Once inside, through the kindness of Kenneth M. Fischer, President & Chief Operating Officer, we visited the ultra modern and spacious laboratories!
The work being conducted there is divided into various mission related research specialties to make an immediate impact on the lives of people struggling with vision-robbing diseases and injuries.
A sampling of the work being done by the facility / scientists at Schepens includes:
Eli Peli’s image processing in relation to visual function and clinical psychophysics in low vision rehabilitation.
Dong Feng Chen’s optic nerve regeneration to open the door to future strategies of eye transplantation and nerve fibers in the brain and spinal cord.
Michael Young’s focus on the use of stem or progenitor cells for degeneration that occurs in the retinal during disease or injury.

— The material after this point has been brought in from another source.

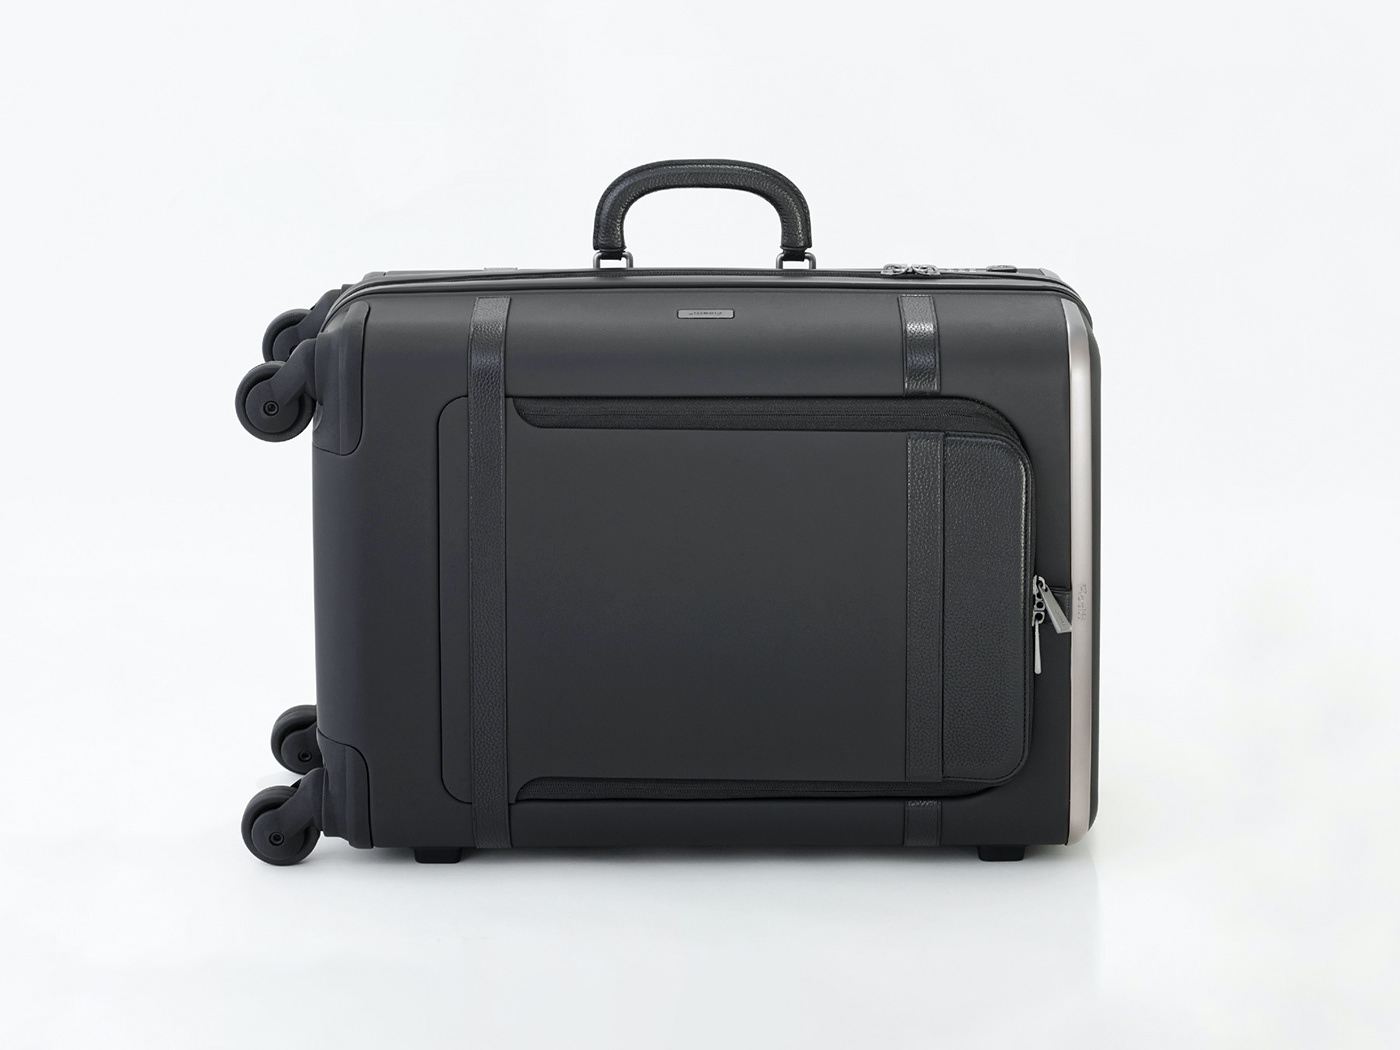 andrea ponti Floatti Smart suitcase Kickstarter luggage bag Travel leather polycarbonate design product industrial

And Ilene Gipson’s work on mucins as they relate to dry eye disease and to cancer detection. This is described in our REALab feature article.
The people and the mission at Schepens are immensely talented and important. I was impressed with their vitality and dedication and only wish all of you could someday spend a little time and witness first hand, this research jewel.
Their web site is very comprehensive. As their funding is partially provided through government agencies, Schepens depends heavily on private donations. I encourage you to consider assisting them in their endeavor to remain largest independent eye research institute in the nation.